Lets consider the symmetric matrix [tex]A[/tex], and the two eigenvectors [tex]\vec{v}_i[/tex] and [tex]\vec{v}_j[/tex] such as:
[tex]A \vec{v} _i = \lambda_i \vec{v} _i[/tex]
[tex]A \vec{v} _j = \lambda_j \vec{v} _j[/tex]
with
[tex]\lambda_i \ne \lambda_j[/tex].
The dot product between [tex]\vec{v}_i[/tex] and [tex]\vec{v}_j[/tex] can be obtained with:
[tex]\vec{v}_i \cdot \vec{v}_j = (\vec{v}_i )^t \vec{v}_j[/tex]
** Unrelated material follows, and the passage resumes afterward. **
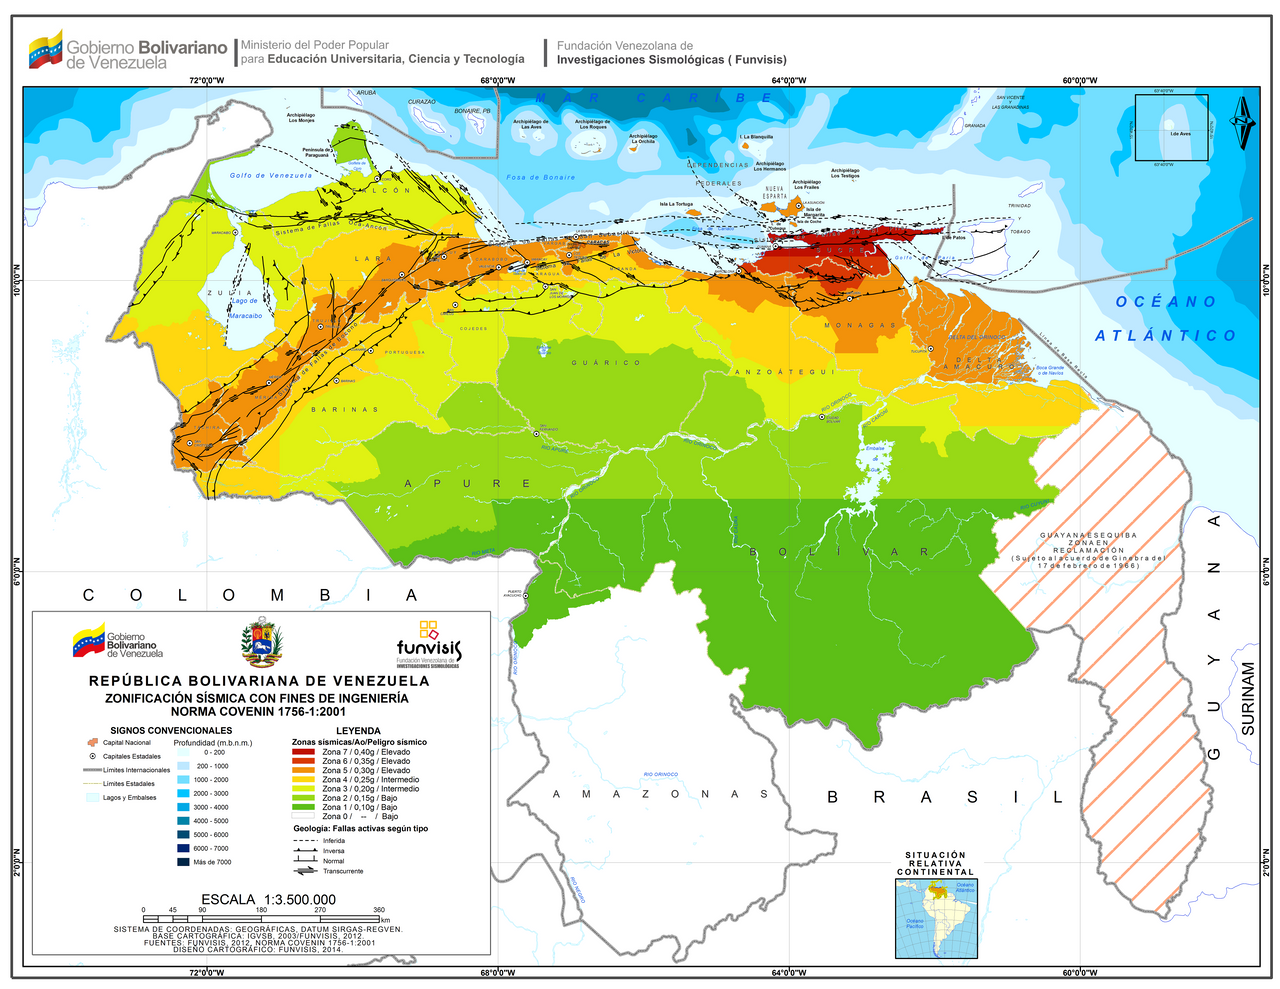 Венесуэла карта климата. Климат крата Венесуэлы. Венесуэла карта климата на руском. Климатическая карта Венесуэлы. Природные зоны венесуэлы и их особенности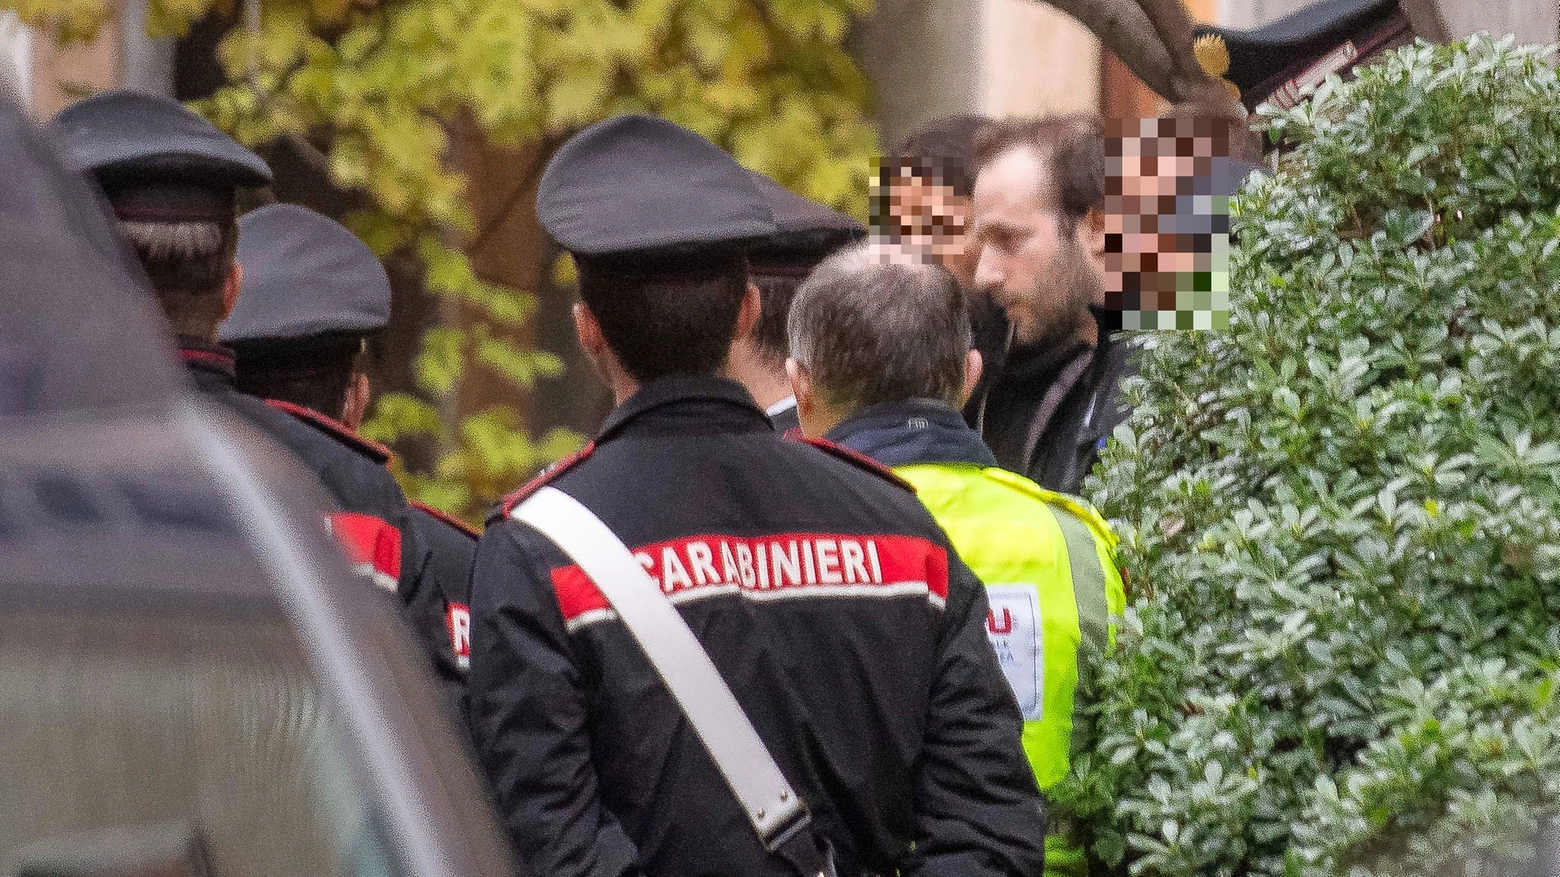 Guido Pozzolini Gobbi Rancilio, 35 anni, accompagnato dai carabinieri in ospedale dopo il ritrovamento del cadavere della madre Fiorenza Rancilio

Using the first eigenvector equation we can find:
[tex] \vec{v}_i = \frac{1}{\lambda_i} A \vec{v} _i [/tex]
Lets transpose it
[tex] (\vec{v}_i)^t = (\frac{1}{\lambda_i} A \vec{v} _i)^t [/tex]
[tex] (\vec{v}_i)^t = (\vec{v} _i)^t A^t ((\frac{1}{\lambda_i})^t [/tex]
as [tex]\lambda_i[/tex] is an scalar
[tex] (\vec{v}_i)^t = (\vec{v} _i)^t A^t (\frac{1}{\lambda_i}) [/tex]
Now, as A is symmetric:
[tex]A^t = A[/tex]
so
[tex] (\vec{v}_i)^t = (\vec{v} _i)^t A (\frac{1}{\lambda_i}) [/tex]
Lets take the dot product again:
[tex]\vec{v}_i \cdot \vec{v}_j = (\vec{v}_i )^t \vec{v}_j[/tex]
but this is :
[tex]\vec{v}_i \cdot \vec{v}_j = (\vec{v} _i)^t A (\frac{1}{\lambda_i}) \vec{v}_j[/tex]
[tex]\vec{v}_i \cdot \vec{v}_j = (\frac{1}{\lambda_i}) (\vec{v} _i)^t A \vec{v}_j[/tex]
[tex]\vec{v}_i \cdot \vec{v}_j = (\frac{1}{\lambda_i}) (\vec{v} _i)^t ( A \vec{v}_j )[/tex]
But, the parenthesis is equal to
[tex]A \vec{v} _j = \lambda_j \vec{v} _j[/tex]
so
[tex]\vec{v}_i \cdot \vec{v}_j = (\frac{1}{\lambda_i}) (\vec{v} _i)^t \lambda_j \vec{v} _j[/tex]
[tex]\vec{v}_i \cdot \vec{v}_j = (\frac{\lambda_j }{\lambda_i}) (\vec{v} _i)^t \vec{v}_j[/tex]
Now, subtracting the dot product
[tex]\vec{v}_i \cdot \vec{v}_j - \vec{v}_i \cdot \vec{v}_j = (\frac{\lambda_j }{\lambda_i}) (\vec{v} _i)^t \vec{v}_j - (\vec{v} _i)^t \vec{v}_j = 0[/tex]
[tex] ( \frac{\lambda_j }{\lambda_i} - 1 ) (\vec{v} _i)^t \vec{v}_j= 0[/tex]
As the eigenvalues are distinct, [tex] \frac{\lambda_j }{\lambda_i} [/tex] can't be 1, so
[tex] ( \frac{\lambda_j }{\lambda_i} - 1 ) \ne 0[/tex]
this implies
[tex] (\vec{v} _i)^t \vec{v}_j= 0[/tex]
so the eigenvectors are orthogonal.